Rapid antigen detection test (Ag-RDT): the Panbio™ COVID-19 Ag rapid test (Abbott point of care test kits, Germany) were used according to manufacturer instructions. Briefly, 10 drops of buffer were added into a test tube, and a swab tip containing the specimen was then immersed into the buffer then mixed by swirling. At the bottom of the extraction tube, the dropping nozzle cap was opened and 5 drops of the extracted specimen were dispensed into the specimen well. Results were read after 15 minutes. The presence of only the control line (C) and no test line indicated negative results whereas, positive results were determined by the presence of the test line (T) and the control line (C) within the result window. The absence of a control line rendered test results as indeterminate.

Ribonucleic acid (RNA) extraction and quantitative polymerase chain reaction (qPCR) reactions: extraction of RNA from nasopharyngeal swabs and stool samples was performed using QIAamp Viral RNA Kit (Qiagen) in accordance with manufacturer instructions. The extracted nucleic acid samples were tested for SARS-CoV-2 presence by RT-PCR using the 7500 fast real-time PCR system (applied biosystems), in accordance with manufacturer instructions. Quantitative Real-time PCR was performed using a DAaN gene SARS-CoV-2 PCR Kit (DaAn Gene Co, Ltd., of Sun Yat-sen University, China). The detection kit for COVID-19 RNA (PCR fluorescence probing) technology was used. Results were analyzed by 7500 fast real-time PCR software version 2.3 to identify SARS-CoV-2 positive targets by evaluating PCR curves for sigmoidal amplification. A sample was considered positive for the targeted pathogen when it had a cycle threshold (CT) value within 40 cycles, negative extraction blank, positive amplification of N and open reading frames (ORF) 1ab, positive amplification for positive control wells, and fluorescence amplification curves for the internal control well. Samples with no amplifications were retested.

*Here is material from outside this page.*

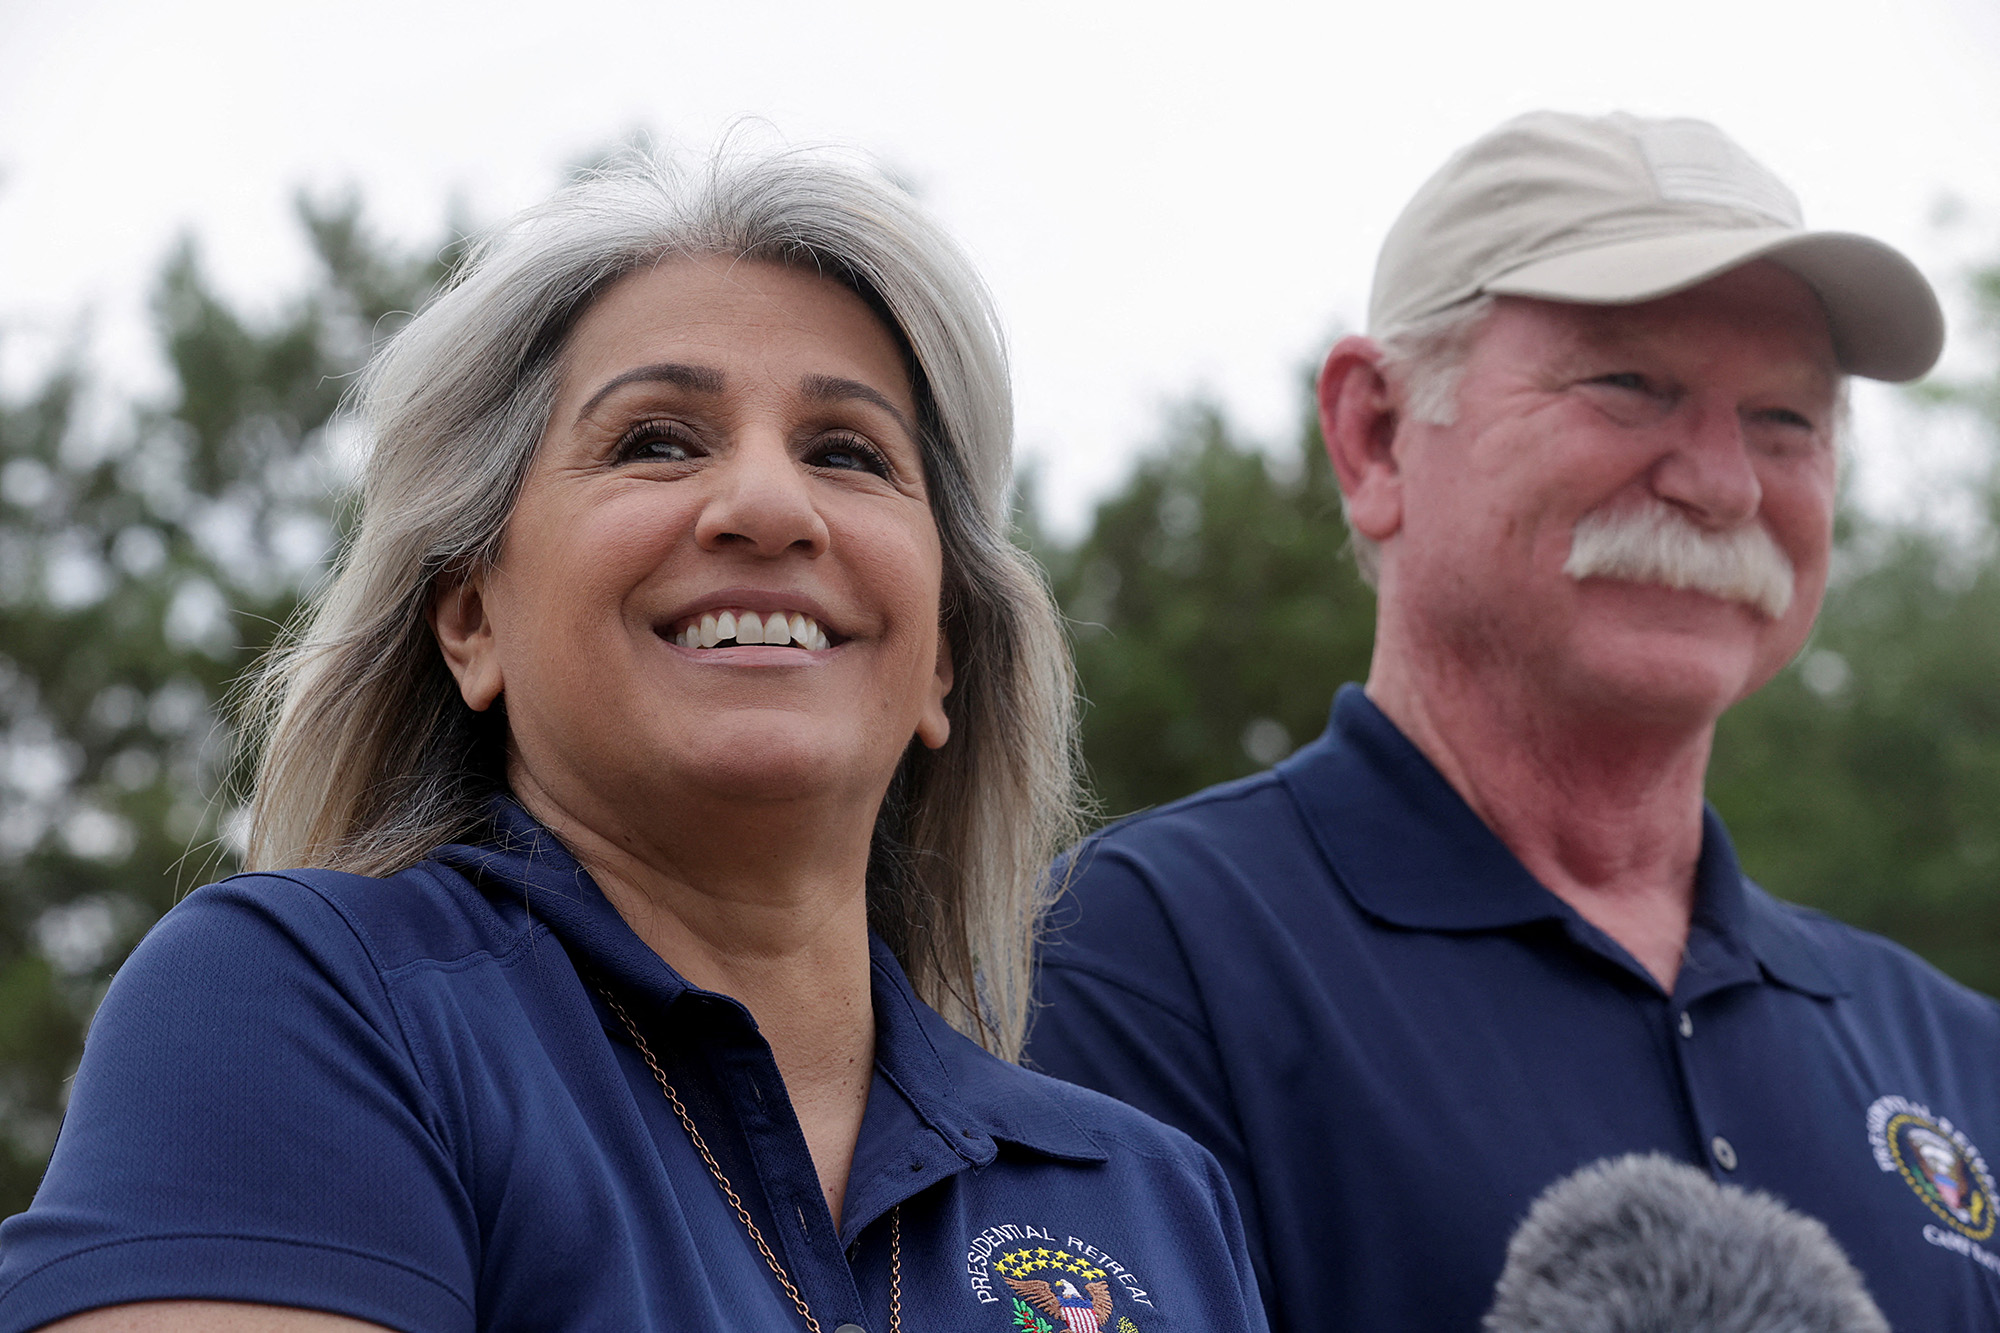 Paula and Joey Reed speak at a news conference in Granbury, Texas, U.S, concerning the homecoming of their son, U.S. Marine Trevor Reed, who was convicted in 2019 in Russia and released in exchange for Russian pilot Konstantin Yaroshenko on April 27.

Enzyme linked immunosorbent assay (ELISA) test: the IgM and IgG antibodies against SARS-CoV-2 in serum specimens were detected using a quantitative indirect SARS-CoV-2 Detect™ IgG ELISA kit and SARS-CoV-2 Detect™ IgM ELISA kit (InBios International, Seattle, USA), in accordance with manufacturer instructions. The recombinant antigen contained spike protein of SARS-CoV-2. The plates were read on a BIOTEK ELX800 absorbance microplate reader at 450 nm absorbance. The raw optical densities (ODs) were recorded and ratios were computed in relation to the average ODs of the cut-off controls. Samples with IgG or IgM ratio greater than or equal to 1.1 were considered positive and IgG or IgM ratio less than or equal to 0.9 were considered negative. Samples that were neither positive nor negative were classified as indeterminate results.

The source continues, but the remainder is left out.